Intercompany Loans: The Pros And Cons for a Startup

Founders quickly become familiar with applying for and receiving business loans to balance their cash flow or make expansions. However, intercompany investments have different standards for lenders and borrowers and require having a parent company or subsidiary.

There are benefits to using this method of loan-borrowing, but it’s essential to understand all the details surrounding intercompany loans before jumping in. Below, we’ll go over what makes these loans different and how businesses can use them. 

What Is An Intercompany Loan?

An intercompany loan is established between two related companies, typically with the subsidiary receiving money from the parent company. Loans under this category operate in the same fashion as traditional loans. 

Intercompany transactions have a fixed interest based on the current market rate with a loan term agreement from one to five years. Rarely can companies financially benefit from a long-term internal loan, but it is an option. 

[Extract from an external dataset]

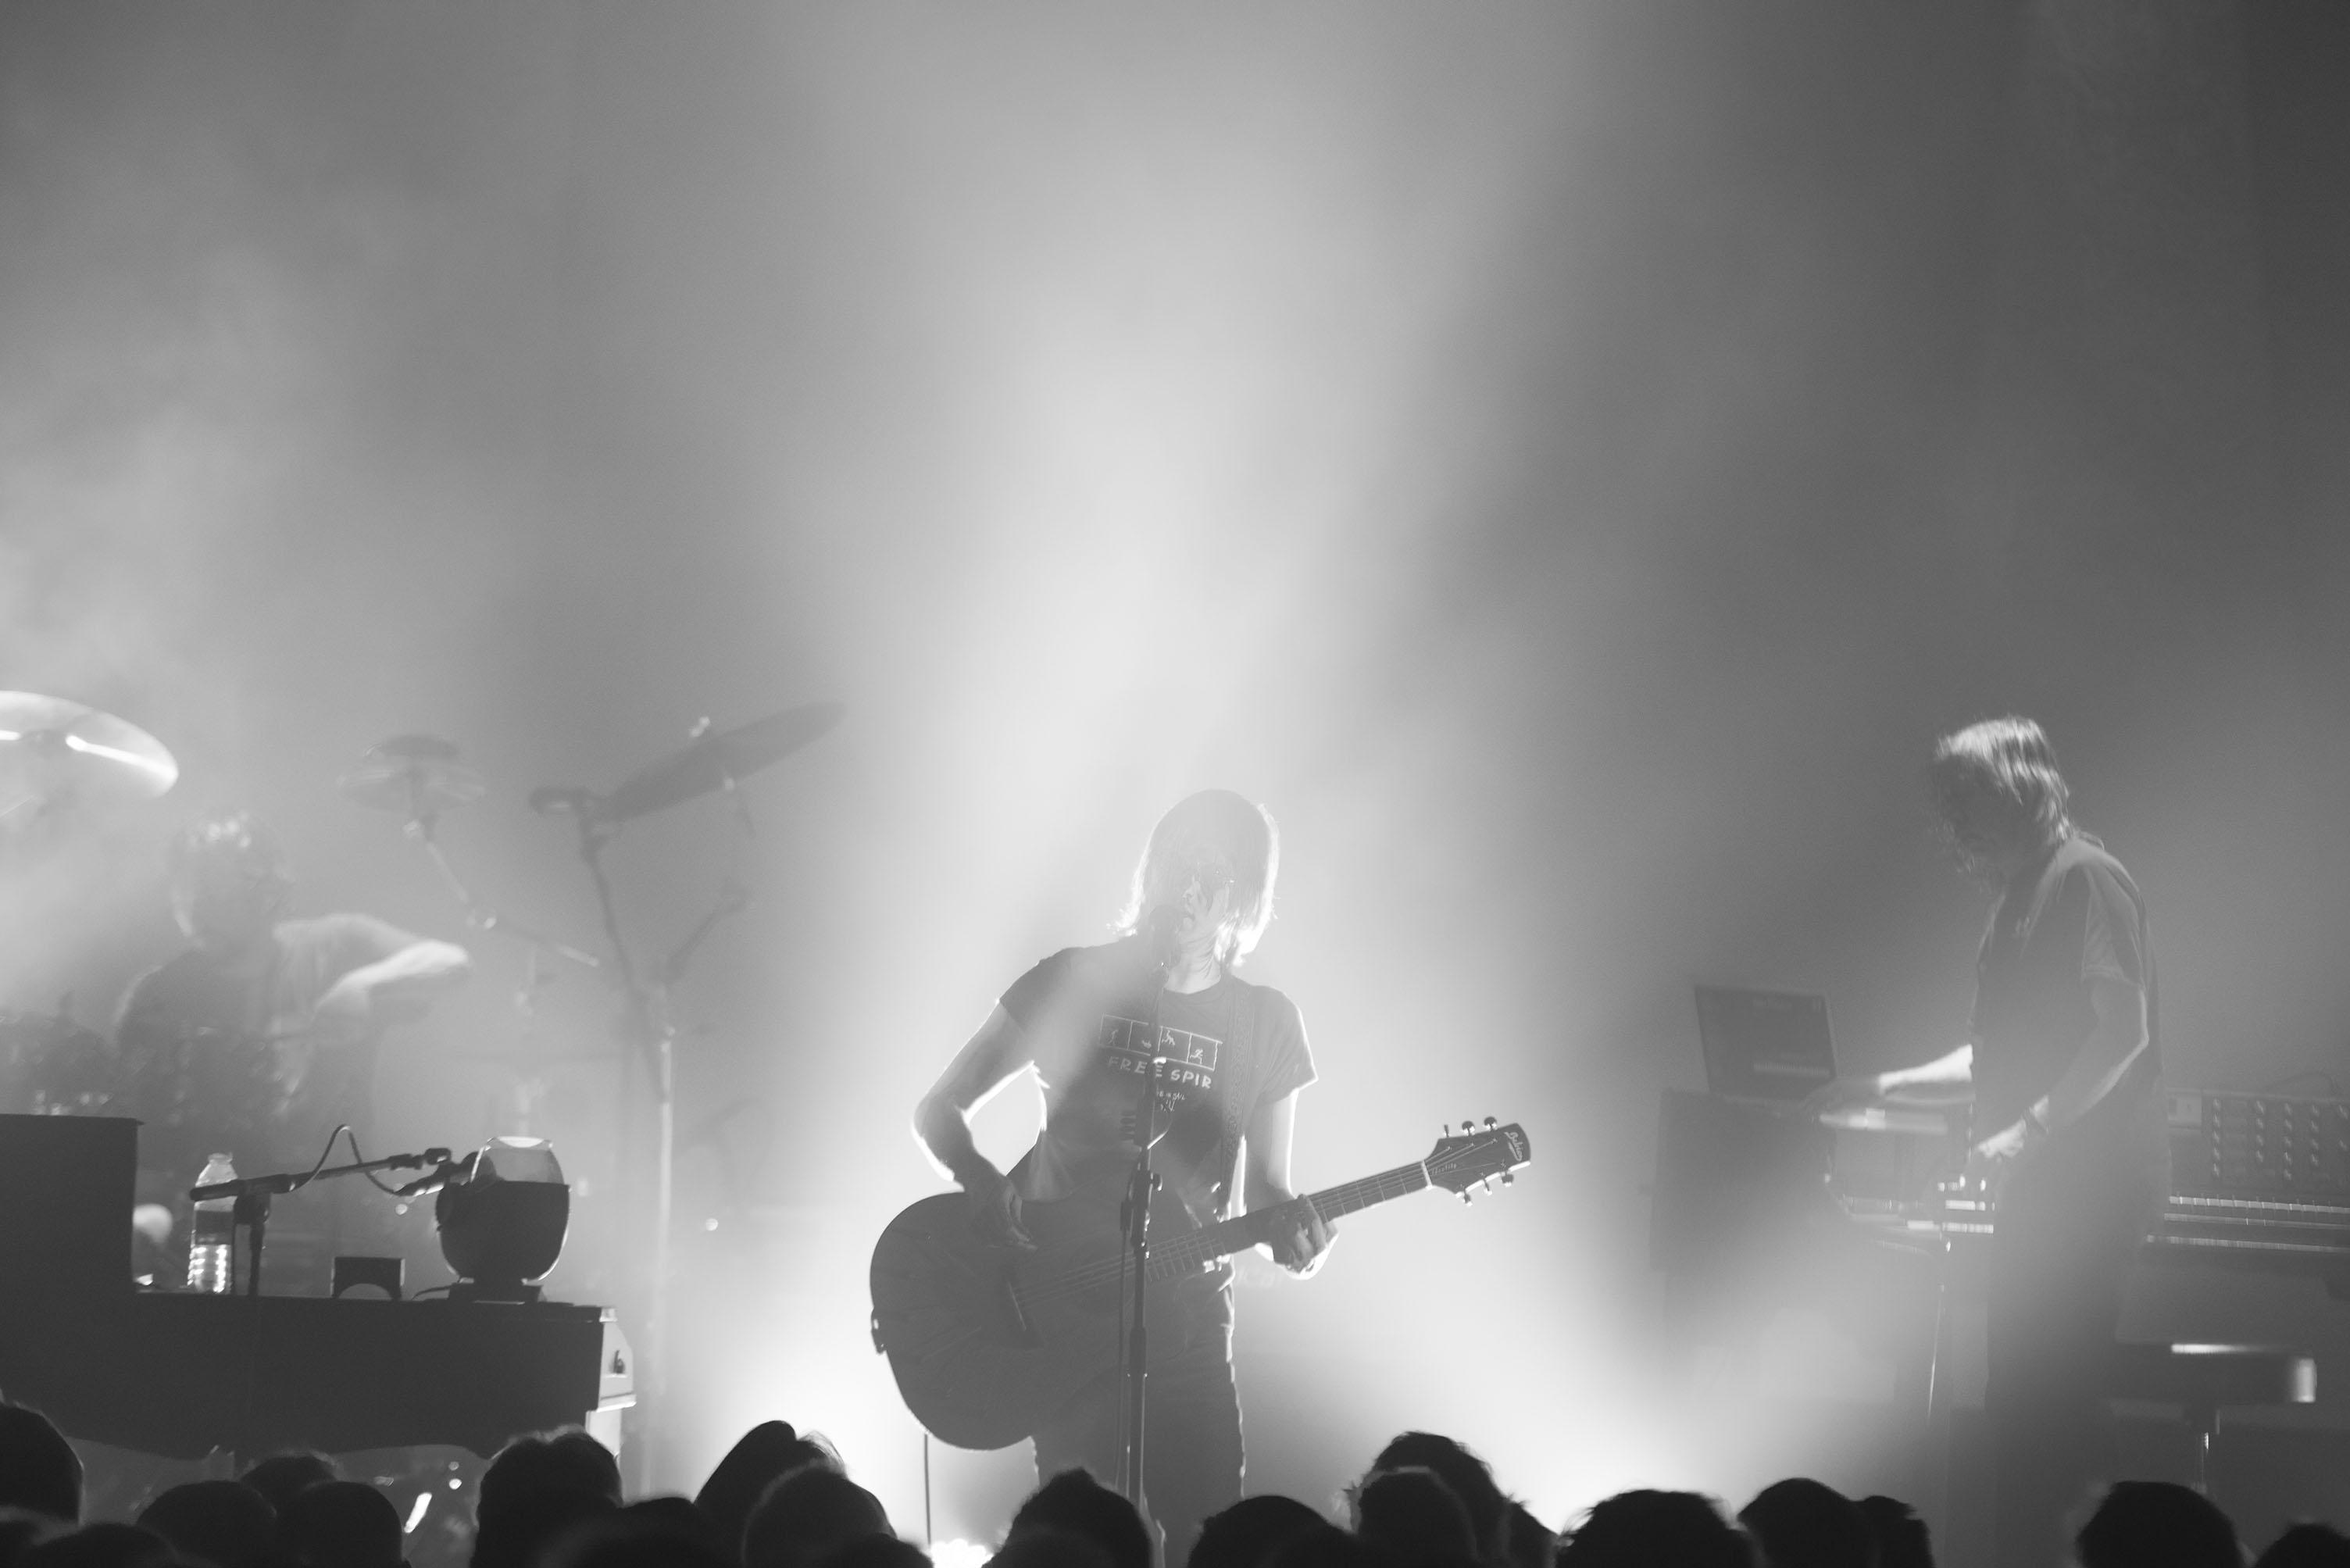 Steven wilson - performance, montreal, april 25, 2013
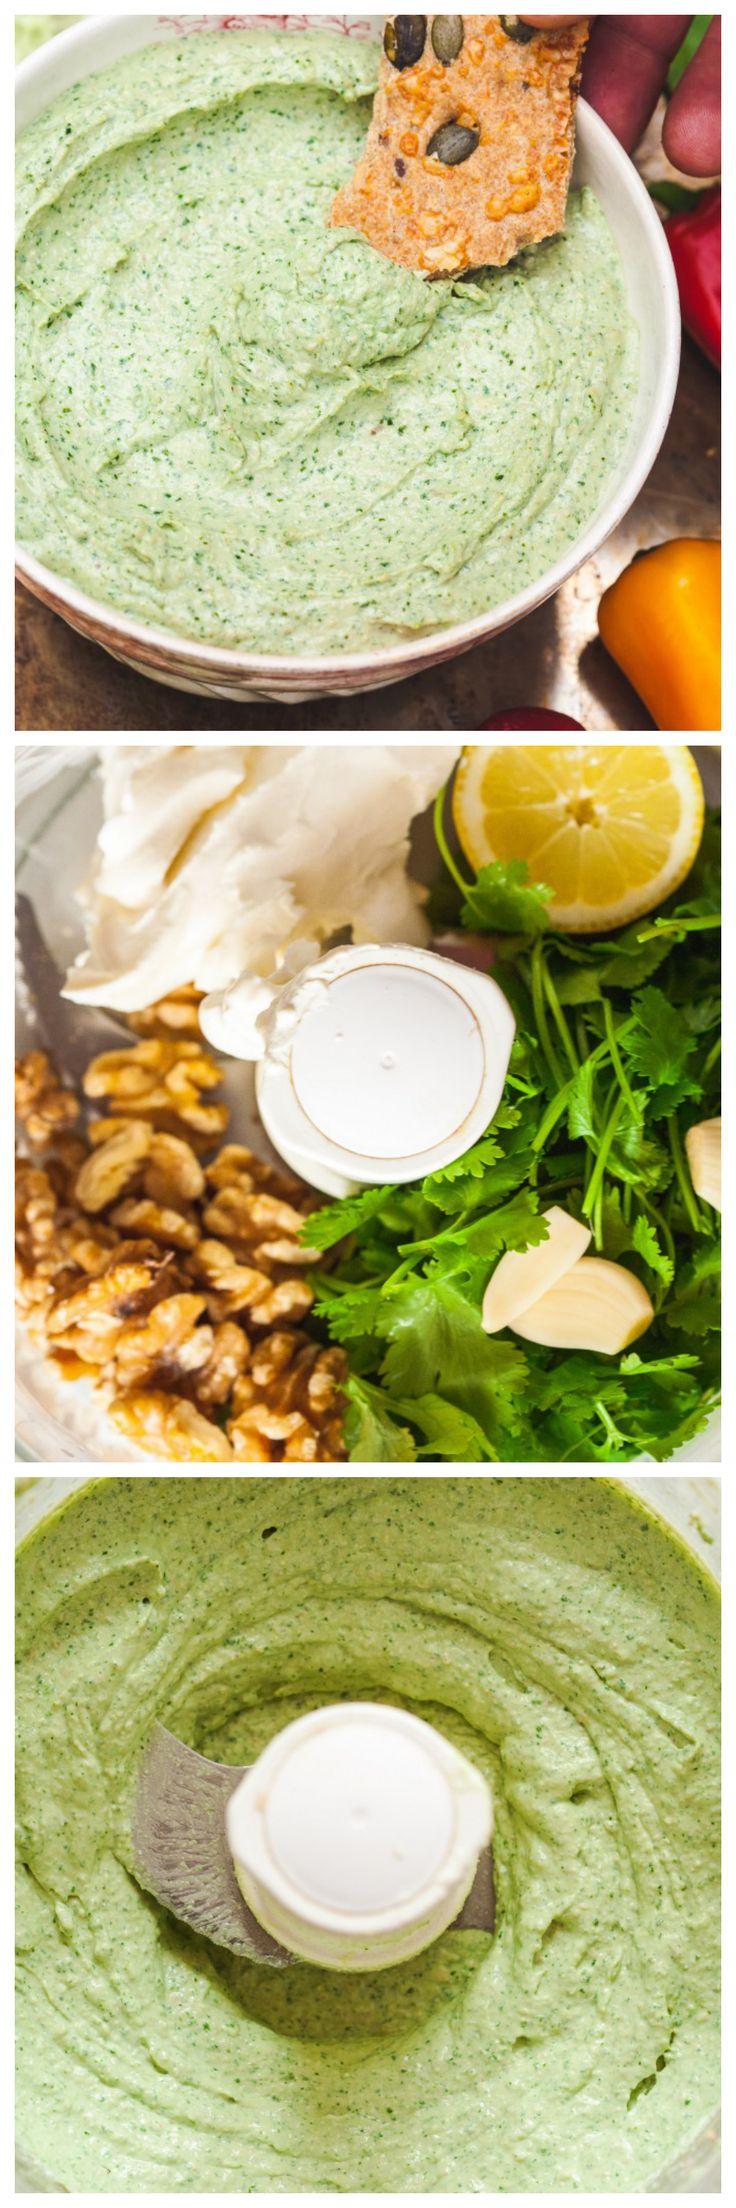 Creamy Cilantro and Walnut Dip

Two unrelated companies can’t exchange loans. The borrower or lender is required to have ownership over the other company. Some business owners open a parent company to gain funding and then open a subsidiary for operational purposes.

Types Of Intercompany Investments

There are three categories of intercompany loans based on the percentage of ownership the lender gets of the company: 

  • Minority Passive : Less than 20% ownership
  • Minority Active : 20%-50% ownership
  • Controlling Interes t: Over 50% ownership

Other intercompany investments can fall outside these categories without losing validity depending on how ownership works between the two companies involved.

Are Intercompany Loans Considered Debt?

Intercompany lending is considered debt in the same way as a traditional loan. The borrower is under a legal obligation to pay the issuer. Interest is deducted during tax time from each recorded loan payment. 

The IRS recently augmented tax codes related to intercompany financing and the deductions on interest. Under new 538 regulations , both companies participating in an intercompany loan have to meet the following guidelines: 

  • The borrower is financially able to repay the loan.
  • The borrower agrees unconditionally to repay the loan.
  • Borrower and issuer have proof of a debt-creditor relationship (payments made, for example).
  • The loan's interest rates must match the current market and follow the arm’s length price . 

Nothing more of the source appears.